COLLECTED DATA »
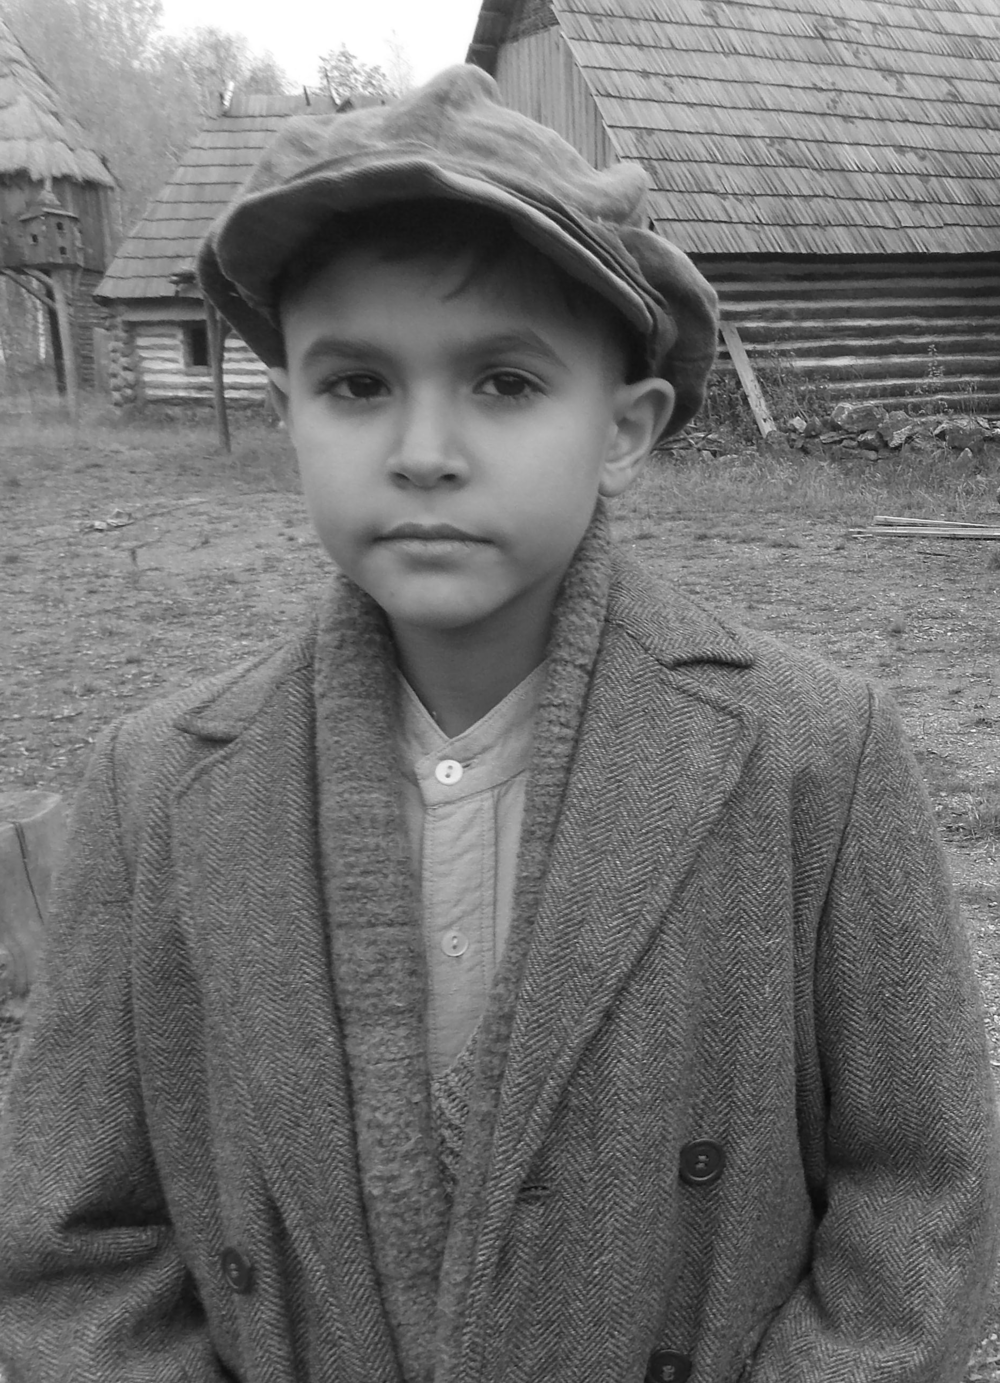 Hlavnú úlohu vo filme stvárni deväťročný Petr Kotlár z Českého Krumlova.
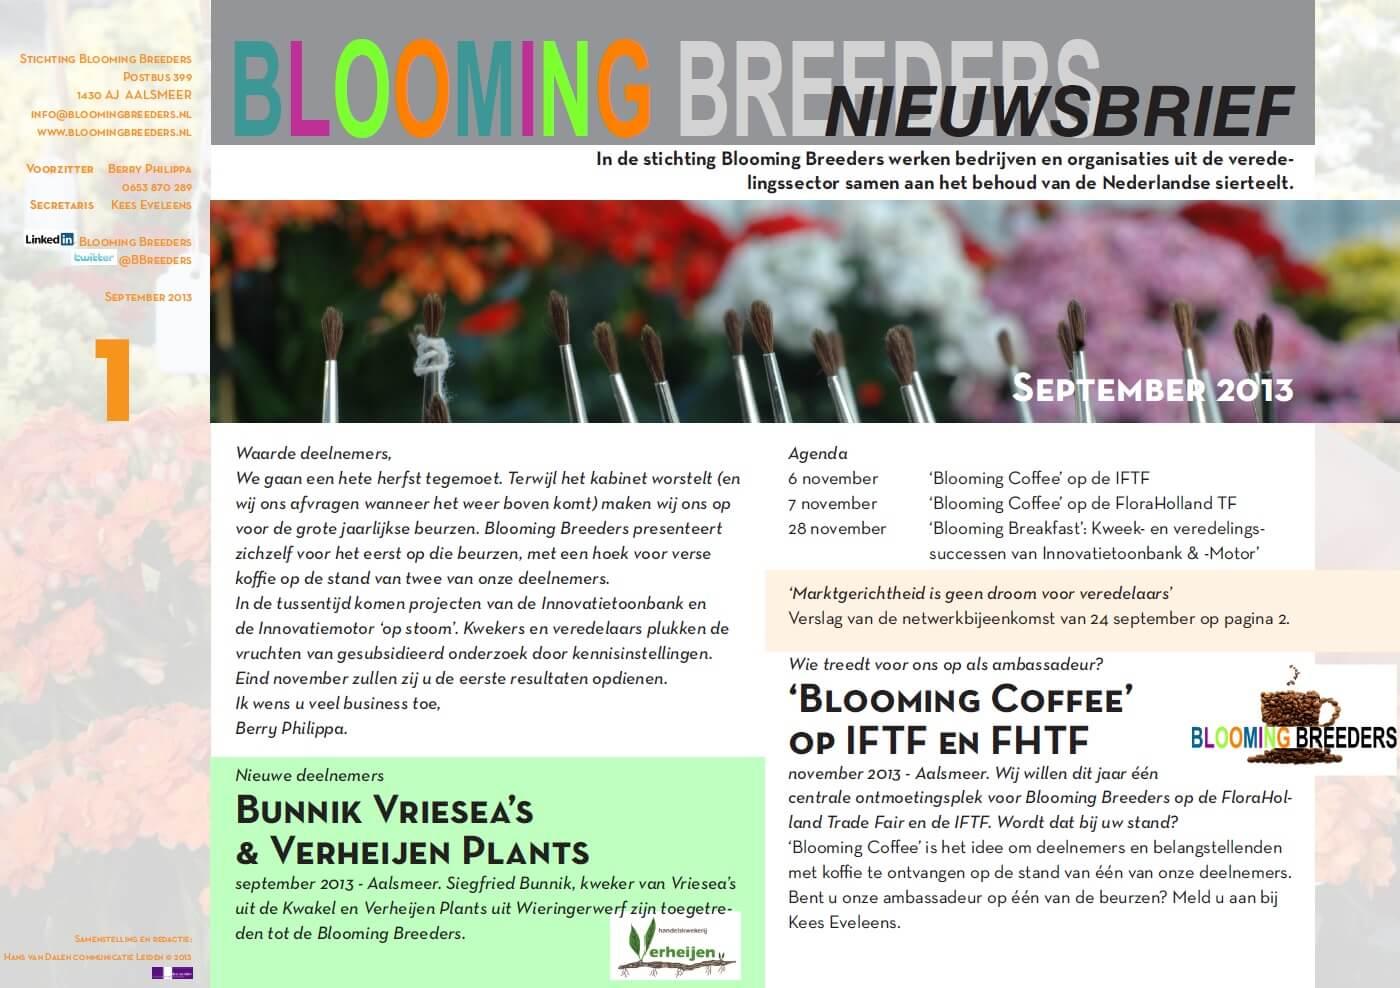 nieuwsbrief Blooming Breeders
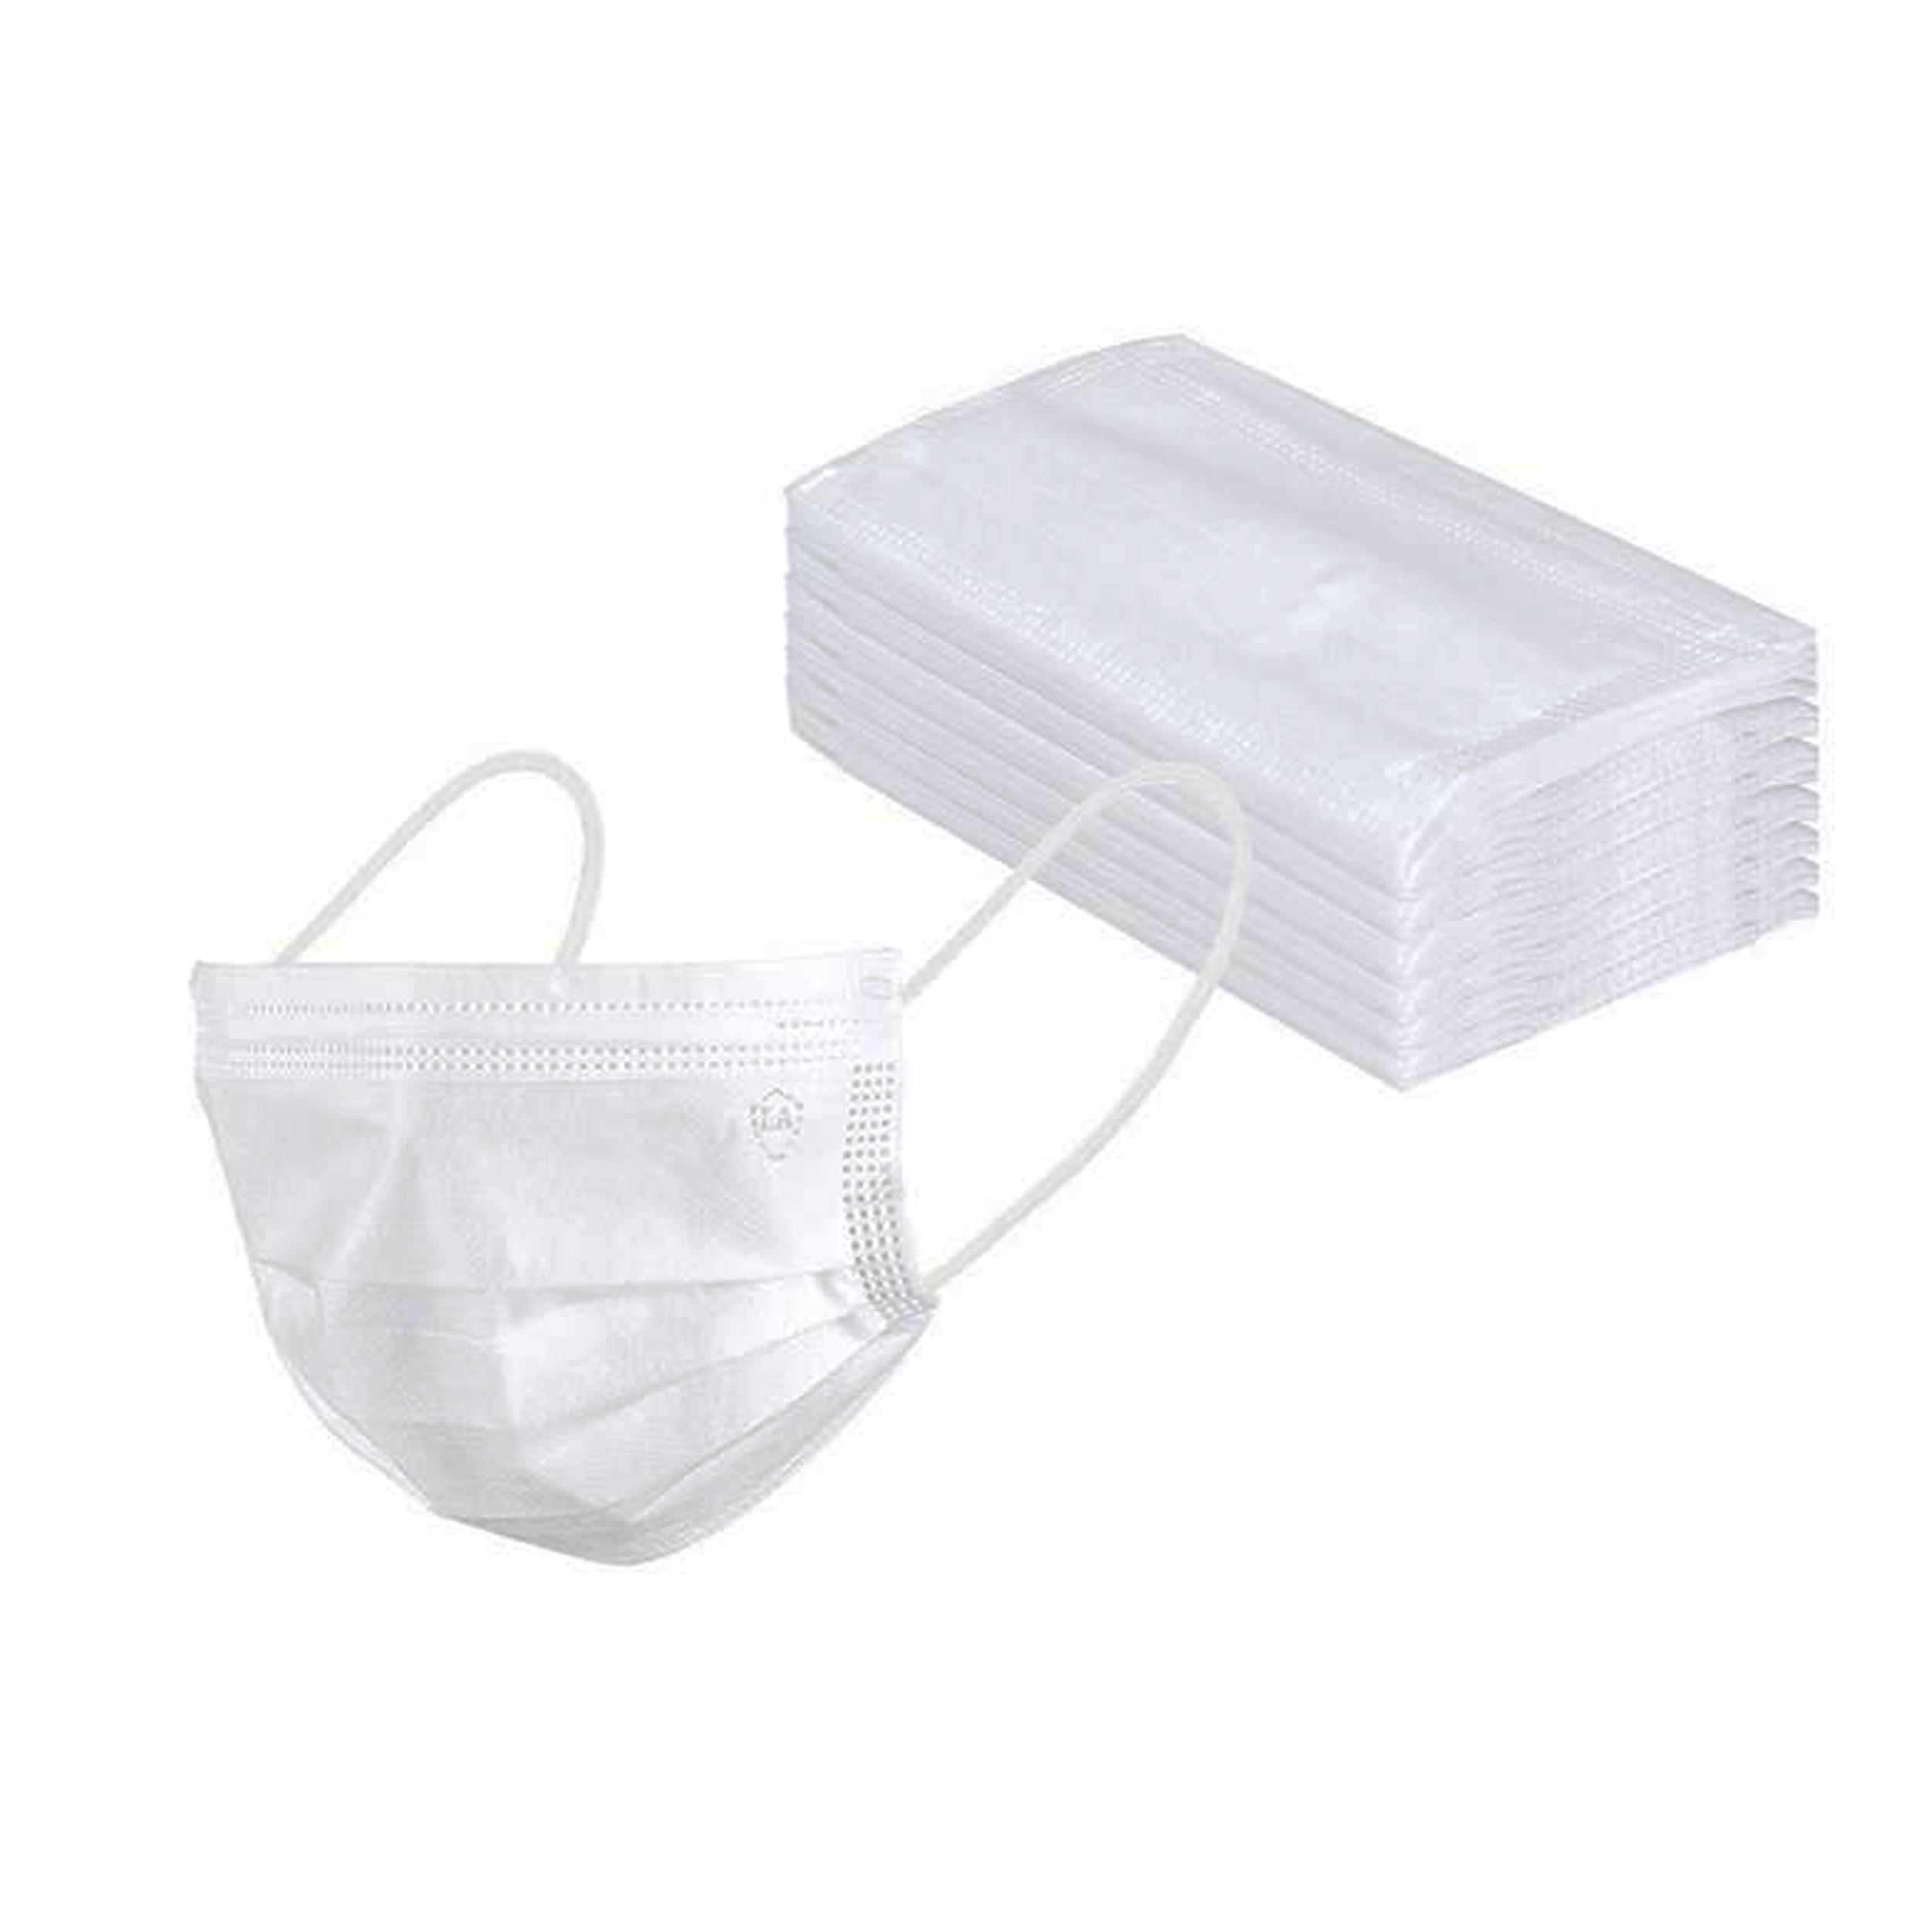 ماسک تنفسی مدل EEI010 بسته 10 عددی

REQUIREMENT » The result should be the material above, unchanged and free of pictures; please print it.

YOUR SOLUTION »
 Hlavnú úlohu vo filme stvárni deväťročný Petr Kotlár z Českého Krumlova.
 nieuwsbrief Blooming Breeders
 ماسک تنفسی مدل EEI010 بسته 10 عددی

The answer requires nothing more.